Per denunciare quanto l’uomo sia in grado di stravolgere il mondo in nome della civiltà industriale, arriva a Bologna una mostra fotografica multimediale eccezionale. Si intitola Anthropocene e fino al 22 settembre sarà visitabile allo spazio Mast (Manifattura di arti, sperimentazioni e tecnologia; ingresso gratuito dal giovedì alla domenica).

La firmano Edward Burtynsky, Jennifer Baichwal e Nicholas De Pencer in collaborazione con il curatore Urs Stahel.

Un lavoro durato 5 anni, dove la ricerca si incrocia poi con la tecnica visiva che fa uso anche dell’App Avara (scaricabile gratuitamente sul proprio cellulare), realtà aumentata e virtuale (il museo mette a disposizione anche dei tablet che immergono all’interno delle installazioni il visitatore).

Ed è come immergersi in miniere a cielo aperto, foreste annientate, città fuori controllo: guardare e sprofondare in quello che il mondo tollera potrebbe riuscire a scuotere i negazionisti. E riflettere su quale nome in definitiva dare alla nostra era: olocene o antropocene? Il dibattito è aperto.

Quello che l’industria ha fatto e sta facendo nei confronti del nostro Pianeta.
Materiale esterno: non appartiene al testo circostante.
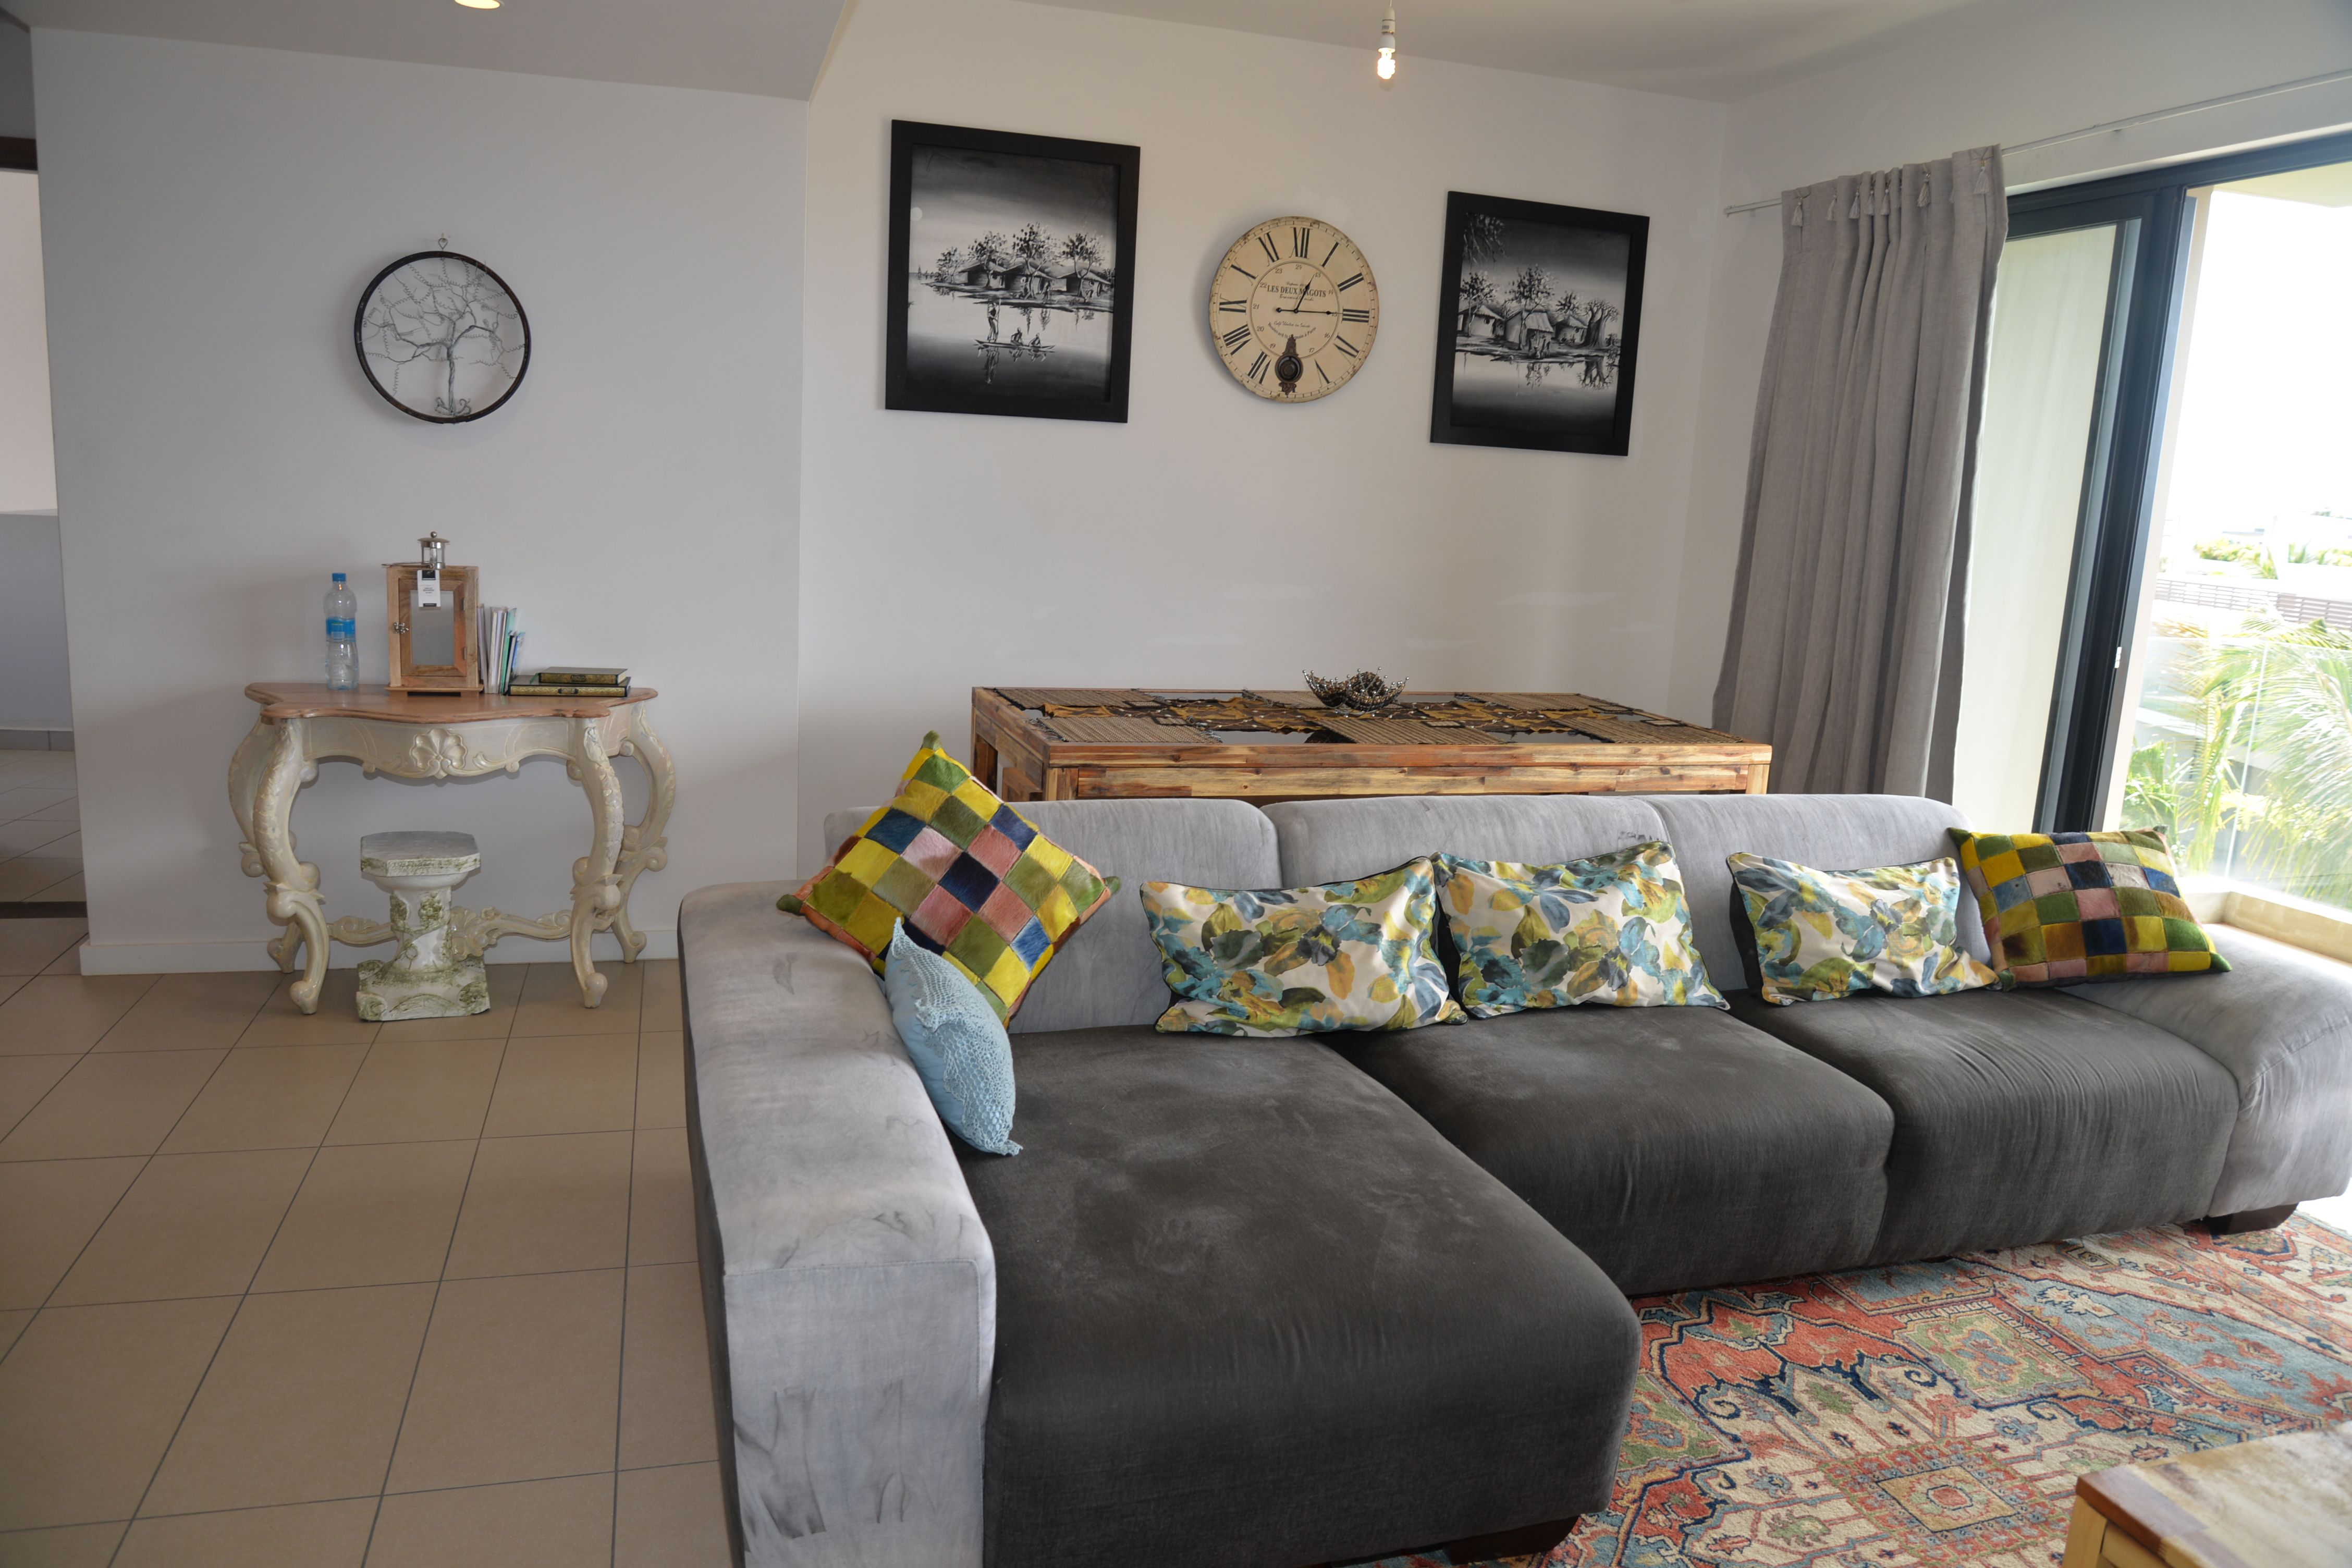 Residence Hoteliere Chez Aziz Avenue Sidi Srifi Zkt Batalla Alhamra Morocco Ma Africa

Per denunciare quanto l’uomo sia in grado di stravolgere il mondo in nome della civiltà industriale. Anthropocene si sviluppa in 4 sezioni del Mast. 35 fotografie di grande formato. Immagini di ciò che rimane di produzioni indelebili.

Molte gigantografie mostrano immagini riprese dall’alto con tecnologie mai viste fino a ora. Come a dire che la nostra visione a un metro e mezzo dai nostri piedi non è sufficiente. D’alto il disastro è più evidente e nessuno può nasconderlo.
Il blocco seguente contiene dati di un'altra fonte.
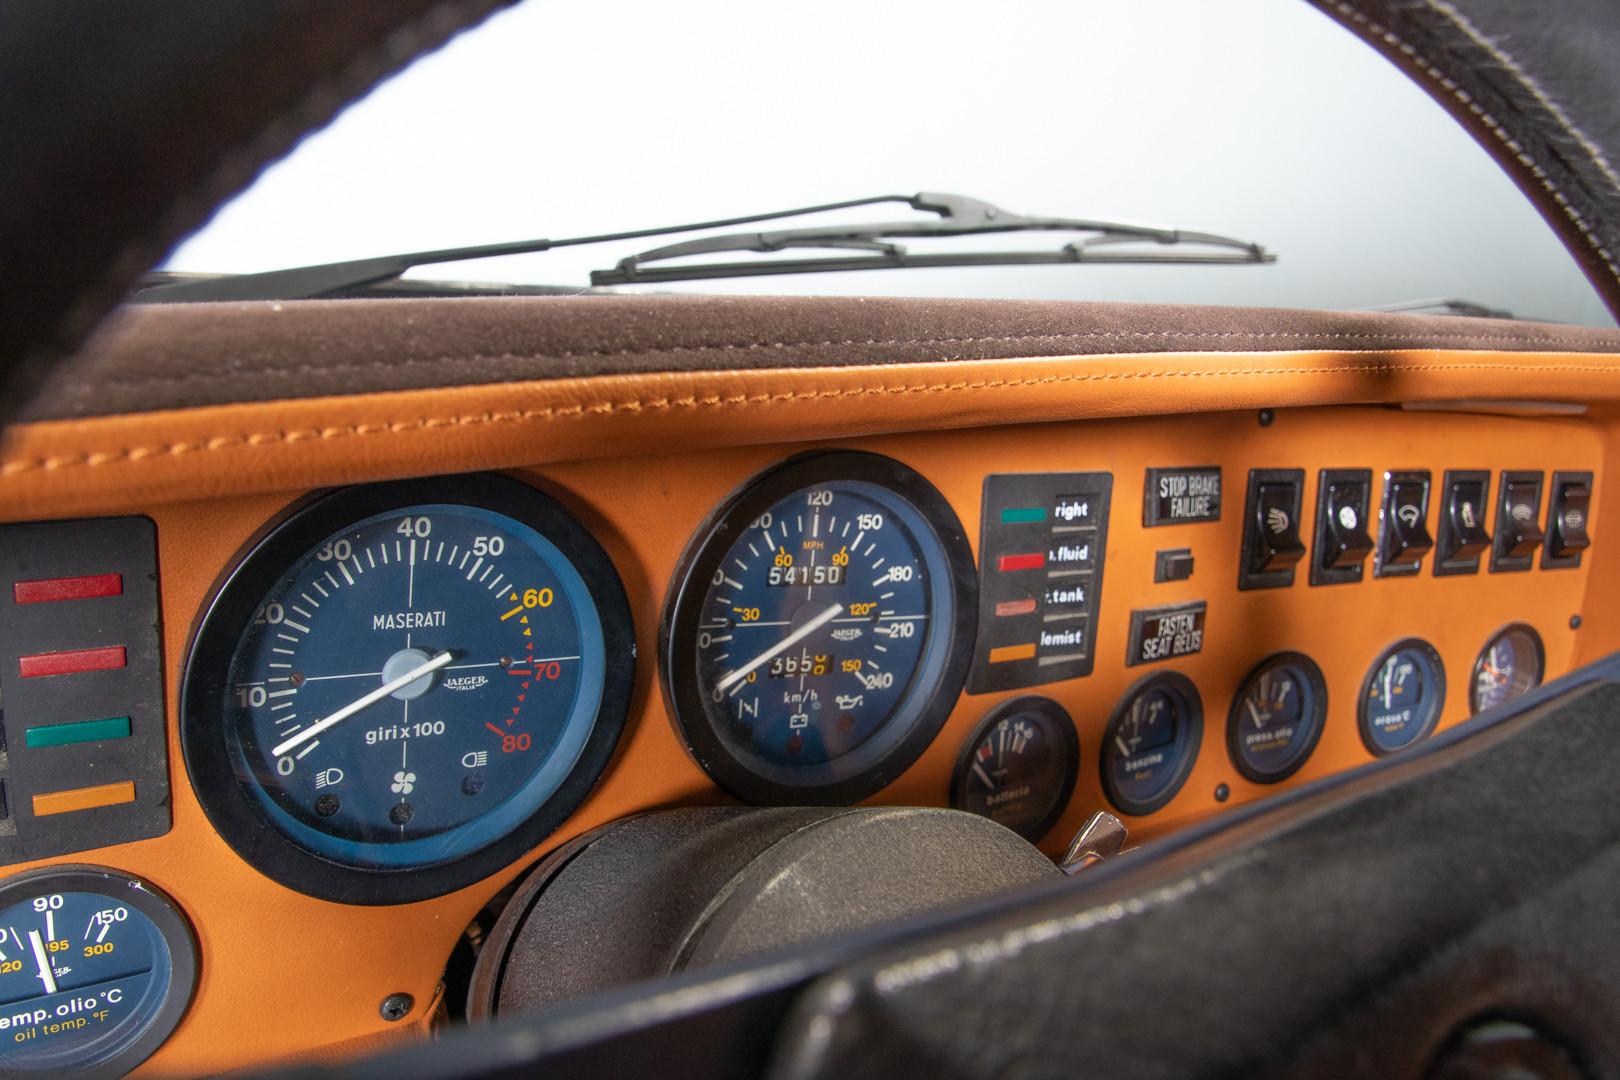 1980 Maserati Kyalami 4.9 - Best sales - Ruote da Sogno

È responsabilità industriale, è responsabilità nostra. Che in silenzio tolleriamo l’unico aspetto che non dovrebbe essere affatto tollerato: l’inquinamento. Come nella zona russa dove si estrae il palladio. O le miniere di litio dai colori fosforescenti.

O in Germania dove in Renania si cerca senza sosta ancora il carbone utilizzando mostri meccanici, tra i macchinari più grandi che l’uomo abbia mai saputo inventare: sono profughi quelli che devono lasciare i villaggi vicino alle miniere perché le loro case sprofondano?

Anthropocene dà visibilità ai marcatori dell’inquinamento: terraforming, disboscamento, bioturbazione (i tunnel scavati dall’uomo ovunque), piantagioni (c’è anche quella di olio di palma).

E le città, come quella di Lagos dove sono previsti milioni di abitanti che andranno ad aggiungersi ai 20 milioni che già sopravvivono in questa megametropoli. Discariche, accatastamenti, deforestazione. Gli oceani che nascondono trasformazioni maligne già in atto.

Ma ci sono anche momenti di speranza, dicono i tre performer. Poi ognuno reagisca come vuole, come può. L’esposizione è completata da un film “Anthropocene: The Human Epoch“.

C’è anche l’Italia in mostra con le cave di marmo di Carrara. La montagna sventrata. Per diritto dell’uomo. Lo stesso diritto che spinge i bracconieri a uccidere gli elefanti per collezionare l’avorio. Il rogo delle zanne deciso dal Governo kenyano nel 2016 è impressionante. Le fiamme ricordano quelle che si sono sprigionate a Notre Dame. Le emozioni sono le stesse.